Until the American model was forged half a world away and nearly 2000 years later, no other legislative body had apparently considered the Lycian example. The senate of Rome was a unicameral oligarchy, made up of those who were rich, noble and old enough to qualify. Britain’s parliament, although bicameral and representative in many ways, was not developed according to a federal model.

At one time, the Lycian bouleuterion housed the elected representatives of the 23 city-states that first came together in approximately 205 BC and formally confederated in 168 BC. The resulting League not only kept its often squabbling members united, but also managed to exert authority over individual citizens of its constituent states.

The world’s first recorded example of representative democracy had its capital in the port city of Patara, first mentioned by the Greek historian Herodotus, who described it as the cult center of the god Apollo. Both Horace and Virgil gave the city greater importance, referring to Patara (rather than Delos) as Apollo’s birthplace.

The Lycians, according to their most respected modern chronicler, the British archeologist Geoffrey Bean, “among the various races of Anatolia, always held a distinctive place. Locked away in their mountainous country, they had a fierce love of freedom and independence, and resisted strongly all attempts at outside domination; they were the last in Asia Minor to be incorporated as a province in the Roman Empire.”
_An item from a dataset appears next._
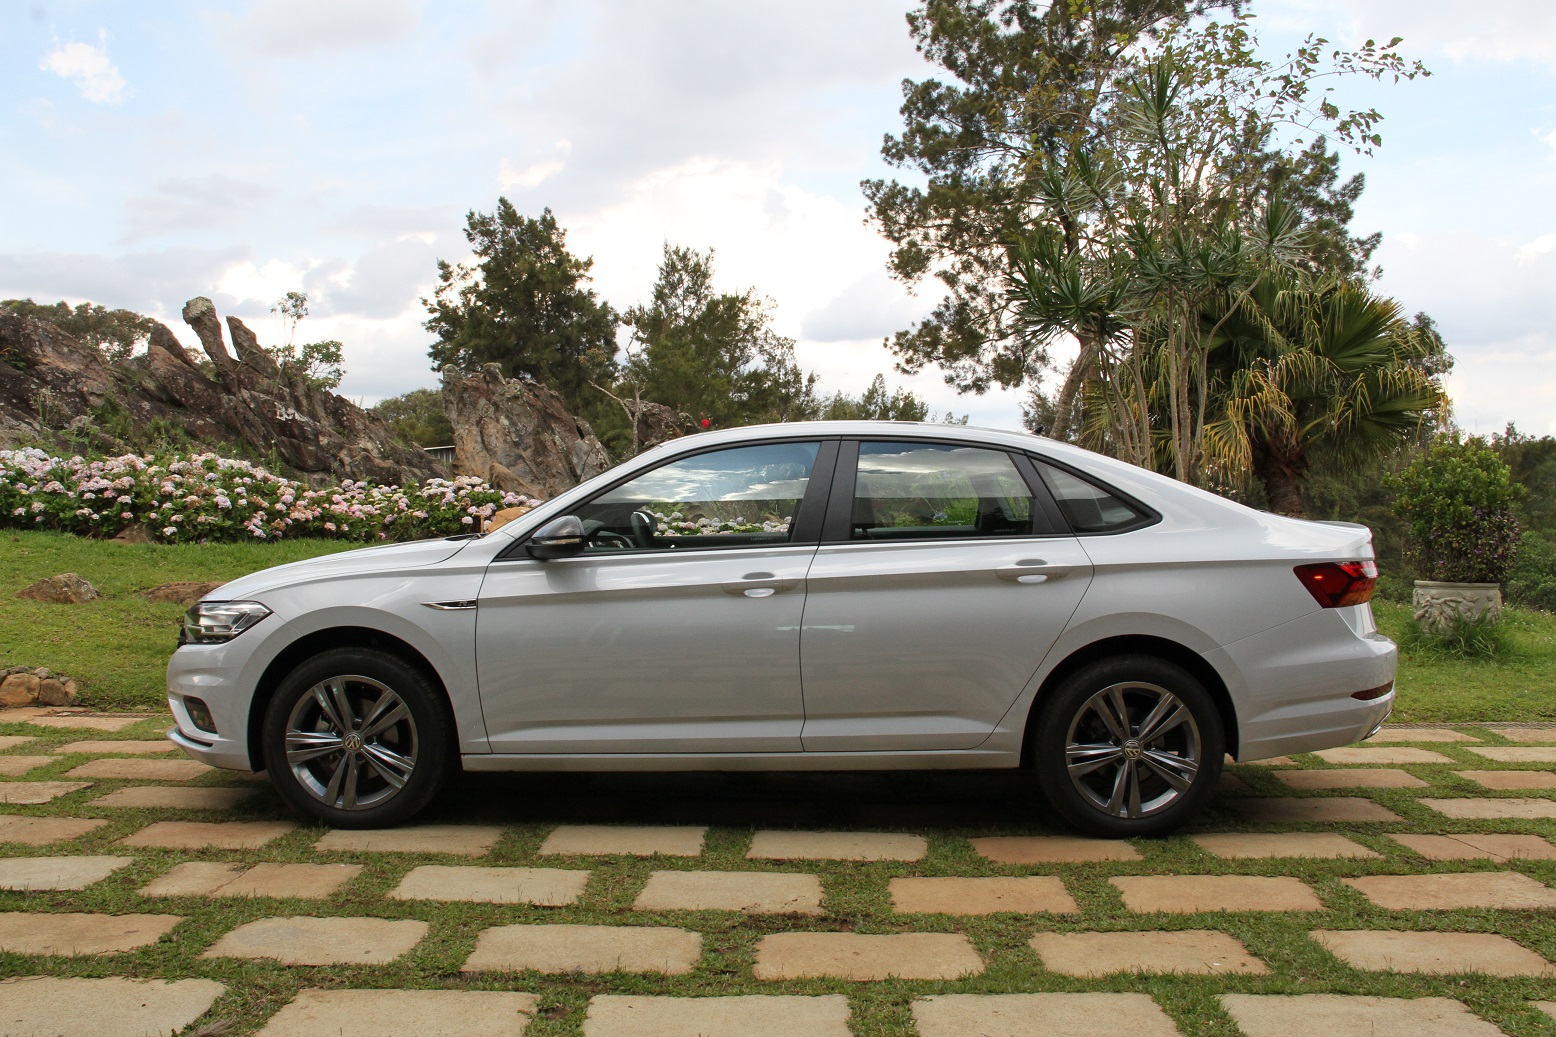 Nova geração do Volkswagen Jetta ganhou equipamentos e espaço, mas perdeu a suspensão traseira multilink

The Lycians had their own language and alphabet, although following the conquests of Alexander in the fourth century BC, those gradually gave way to Greek. Historians have likened them to the Swiss today: a hard-working and prosperous people, neutral in international affairs but fierce in their defense of freedom and conservative in their attachment to ancestral tradition.

The Lycian League flourished both in the Hellenistic period, when the harbor was used as a naval base by Alexander’s successors, and during the Roman Empire, when, against the odds, Lycia continued to function as a largely autonomous province.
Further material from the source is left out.